3.1.4 Current Thread Details
The current thread is the thread that is running when the signal is raised that causes the javacore to be written. The Current Thread Details shows the Java and native stacks of the current thread. Since these are stacks, the most recent calls are at the top of the stack.
If the library is not identified by the signal information, you must examine the current thread details to see if the native stack indicates in which library the current thread was processing at the time of the JVM crash. If the signal is one that is used for an abnormal process termination, that is, SIGSEGV or SIGILL, the current thread details show the sequence of calls that caused the signal to be generated. For a JVM crash, if the line that identifies the signal is not able to identify the failing library, the native stack trace in the current thread details might be useful to identify the library.
In the two examples here, the location of the crash was already determined by the javacore processing, but this is not always the case.
This is the current thread for the SIGSEGV in libdb2jdbc.so shown above. The current thread shows none of the Java stack; it might be that the javacore processing could not retrieve the information for the Java stack. The native stack shows that a jni_NewString call was made that caused the SIGSEGV to occur; the call to jni_NewString was made from Java_COM_ibm_db2_jdbc_app_SQLExceptionGenerator_SQLStatementError, which is a DB2 Java method.
|Current Thread Details
----- Native Stack -----
at 0xD3FF7A34 in jni_NewString
at 0xD44350A8 in Java_COM_ibm_db2_jdbc_app_SQLExceptionGenerator_SQLStatementError
In this example, the current thread is in the libjitc.a library, which is generating native code for a Java method. This is not obvious from the first three lines of the native stack, but the fourth call down shows that it is the JIT compiler is involved.
|1XHCURRENTTHD Current Thread Details
2XHCURRSYSTHD "EntigoAppsStarter" sys_thread_t:0x59AF8650
3XHNATIVESTACK Native Stack
3XHSTACKLINE at 0xD2782A88 in dataflow_arraycheck
3XHSTACKLINE at 0xD27226A0 in bytecode_optimization_driver
3XHSTACKLINE at 0xD27251CC in bytecode_optimization
3XHSTACKLINE at 0xD2685140 in JITGenNativeCode
3XHSTACKLINE at 0xD26AB774 in jit_compile_a_method_locked
3XHSTACKLINE at 0xD26ACD24 in jit_compiler_entry
3XHSTACKLINE at 0xD26AD284 in _jit_fast_compile
In this case, a workaround is to skip JIT compiling of this method. A likely resolution is to upgrade the Java SDK to upgrade the libjitc.a library.
Note: For a JVM crash, a formatted core file or user.dmp file is also very helpful for diagnosing the cause of the problem.
3.2 Operating Environment
This section provides details about the operating system and processor (system) that the JVM is running on.

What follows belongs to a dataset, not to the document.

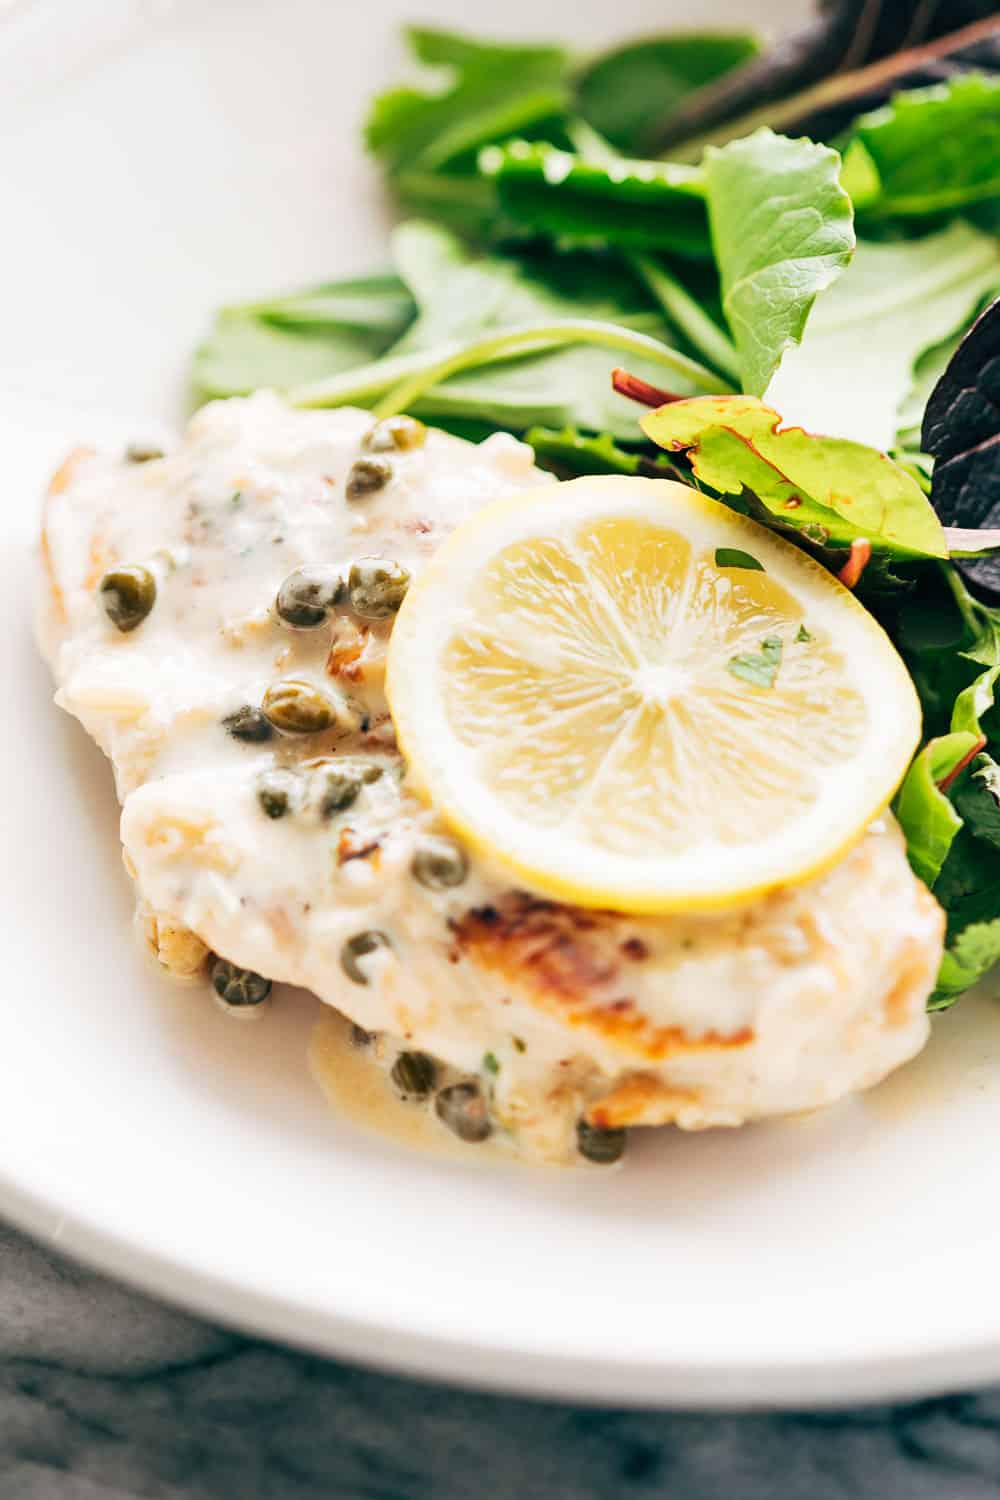 Creamy lemon chicken scallopini served with a light salad on the side in a white bowl

This section might also contain information about paging, user limits (rlimits), and environment variables that are set.
3.2.1 Signal Handlers
This section shows you the Signal Handlers and the Environment Variables that are in use by the JVM process. A signal handler is a library that is defined to handle a signal if and when and it occurs. These can be programmatically defined; a library can register itself to handle a signal, intercept it and process it, and prevent it from being handled by the JVM process.
Signal Handler Info in new javacore format
|1XHSIGHANDLERS Signal Handlers
2XHSIGHANDLER SIGHUP : ignored
2XHSIGHANDLER SIGINT : intrDispatchMD (libhpi.a)
2XHSIGHANDLER SIGQUIT : intrDispatchMD (libhpi.a)
2XHSIGHANDLER SIGILL : intrDispatchMD (libhpi.a)
2XHSIGHANDLER SIGTRAP : JITSigTrapHandler (libjitc.a)
2XHSIGHANDLER SIGABRT : intrDispatchMD (libhpi.a)
2XHSIGHANDLER SIGEMT : intrDispatchMD (libhpi.a)
2XHSIGHANDLER SIGFPE : intrDispatchMD (libhpi.a)
2XHSIGHANDLER SIGBUS : intrDispatchMD (libhpi.a)
2XHSIGHANDLER SIGSEGV : intrDispatchMD (libhpi.a)
2XHSIGHANDLER SIGSYS : intrDispatchMD (libhpi.a)
2XHSIGHANDLER SIGPIPE : ignored
2XHSIGHANDLER SIGUSR2 : JITSigUSR2Handler (libjitc.a)
2XHSIGHANDLER SIGTERM : intrDispatchMD (libhpi.a)
You can use the signal handler information to determine if a signal handler is intercepting a signal and preventing a javacore from being produced.
Note: libhpi.a is the normal JVM library for handling signals on AIX and Linux; it is the library that produces the javacore.
If a signal handler is preventing the javacore from being produced, then the wscp or wsadmin utility might be used to dump the threads and get a javacore. Furthermore, signal handlers can be disabled for the sake of diagnosing a problem. If you know that a product uses a signal handler, as IBM MQ® does, you can find out from product documentation how to disable the signal handler.
3.2.2 Loaded Libraries
This section of the javacore shows the native libraries that are loaded by the JVM.
Loaded library output for the libjitc.a library
3XHLIBSIZE filesize : 2731317
3XHLIBSTART text start : 0xD264A000
3XHLIBLDSIZE text size : 0x233D6C
3XHLIBLDORG data start : 0x524AE498
3XHLIBLDDATASZ data size : 0xF71C
This can be useful in determining which version of a library is loaded in the event that there is more than one copy of the library installed on a system.
It can also be used to determine the location of a crash if the library name is not identified. This requires looking at the Text start and text size lines. In the new format javacore attached to this document, the offset of the crash is 0xd2782a88. The library whose text range contains the address offset is the library in which the signal occurred that produced the javacore. For the libjitc.a, its text range is 0xD264A000 to 0xD287DD6C.
3.2.3 Java Command Line
The javacore contains the command line that started Java. In the older javacore format, this is in a section entitled, System Properties. In the newer javacore format, the command line that started Java is identified with the tag 1CICMDLINE. This is in the CI subcomponent dump routine.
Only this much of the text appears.